◆ DIRECTIONS FOR THIS TASK ◆
Copy out the data word for word, without any of its pictures.

◆ RECORDED DATA ◆
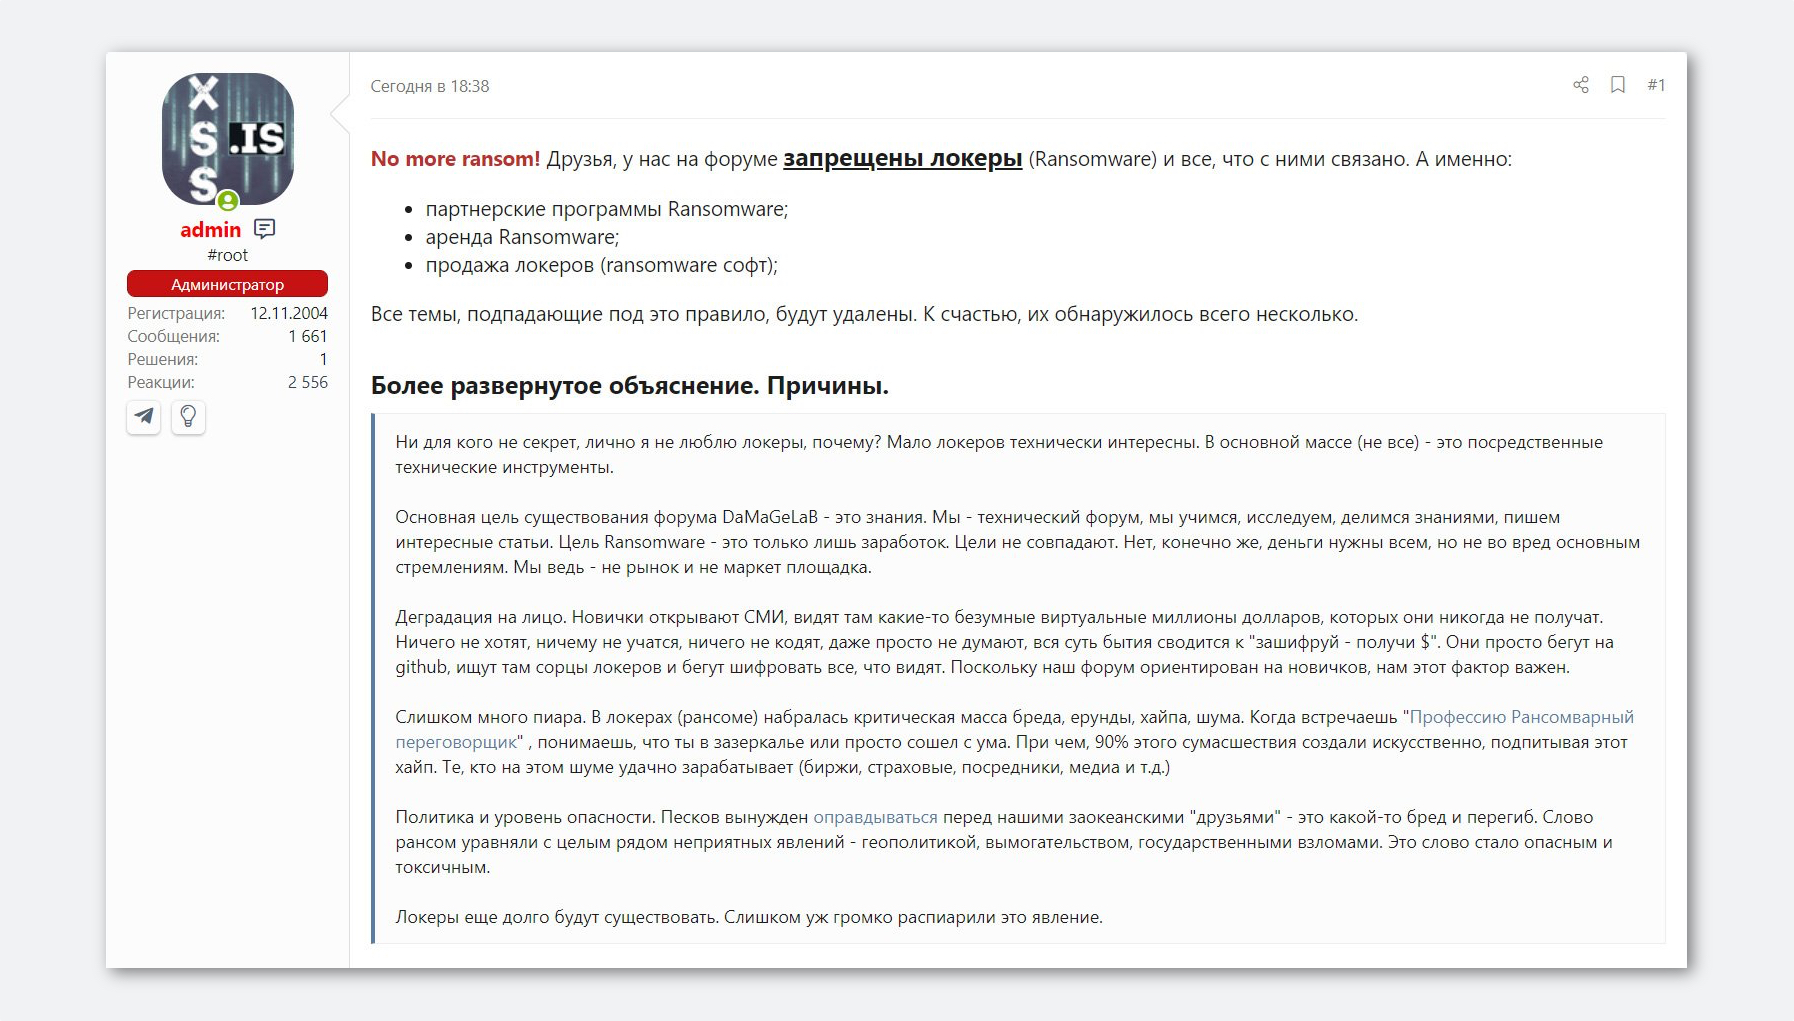 Популярный русскоязычный форум для хакеров запретил обсуждение вирусов-вымогателей 1
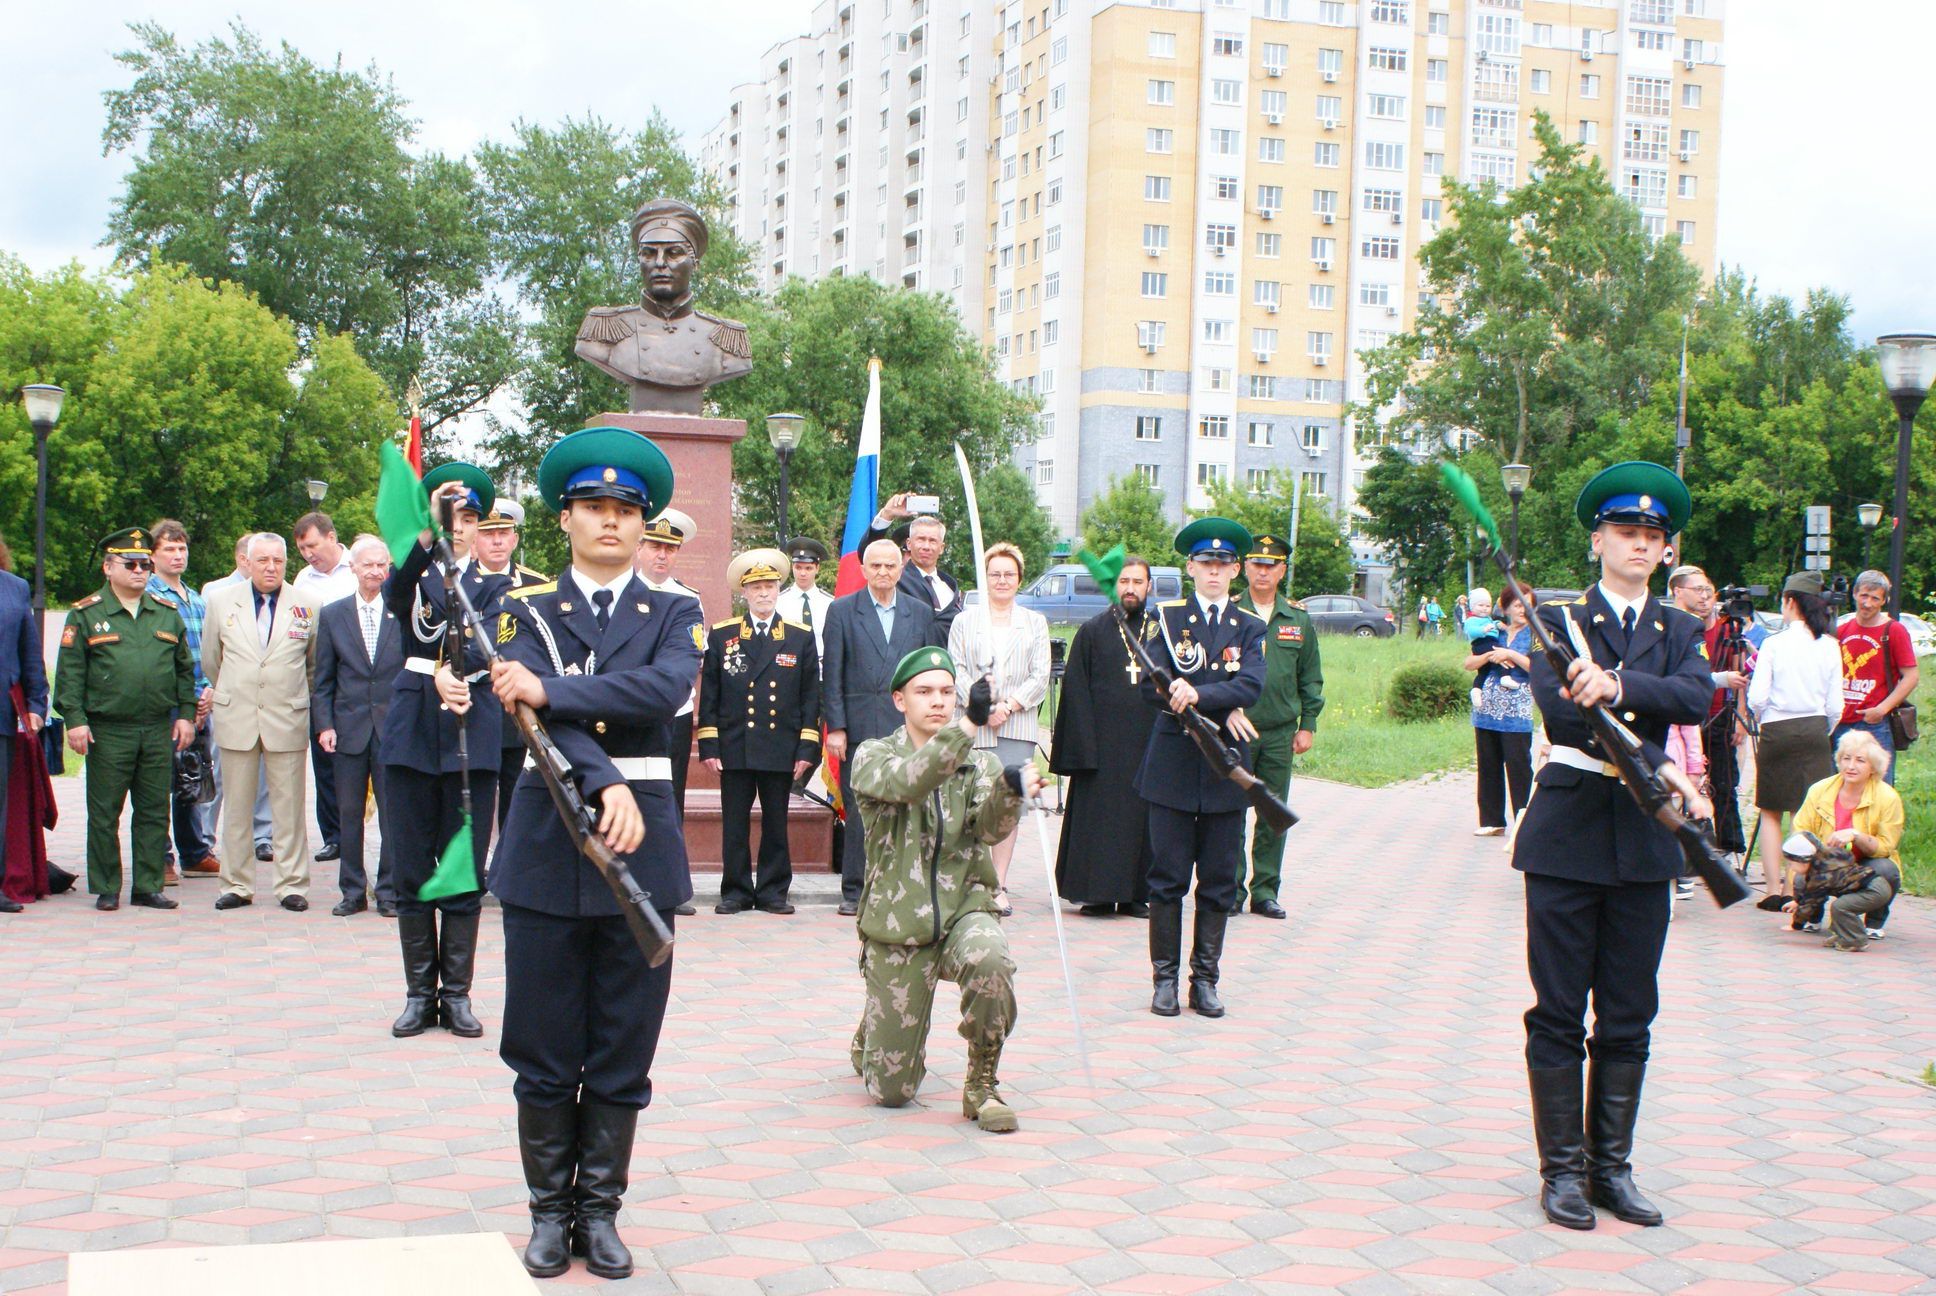 Нижегородцы отметили 125-летие со дня рождения адмирала Нахимова - фото 1
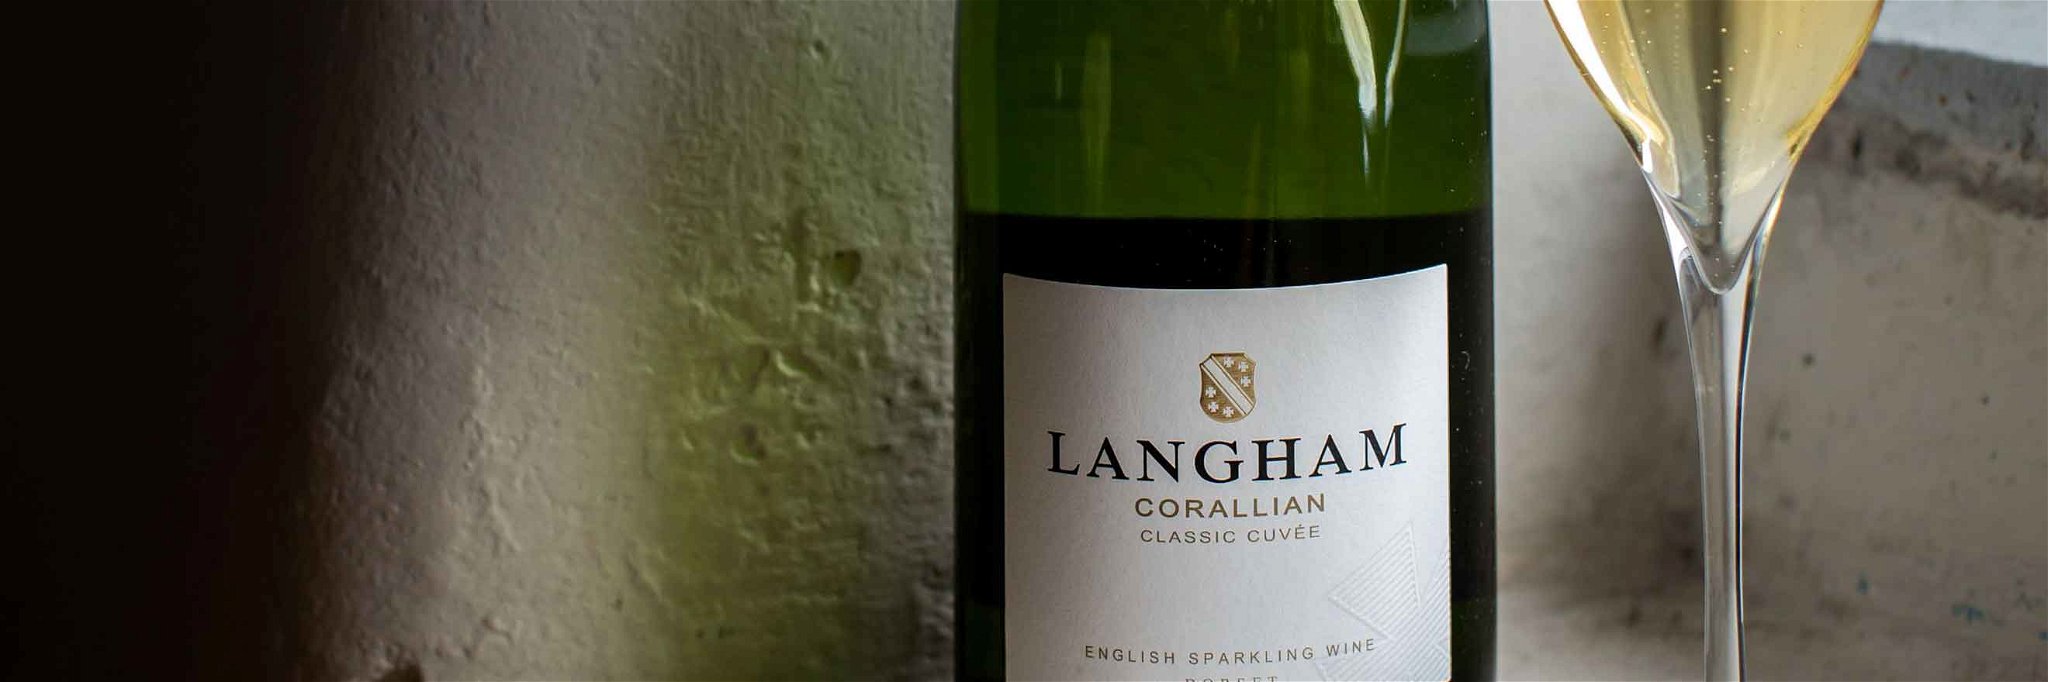 Langham Estate's Corallian Classic Cuvée

◆ ANSWER AREA ◆
 Популярный русскоязычный форум для хакеров запретил обсуждение вирусов-вымогателей 1
 Нижегородцы отметили 125-летие со дня рождения адмирала Нахимова - фото 1
 Langham Estate's Corallian Classic Cuvée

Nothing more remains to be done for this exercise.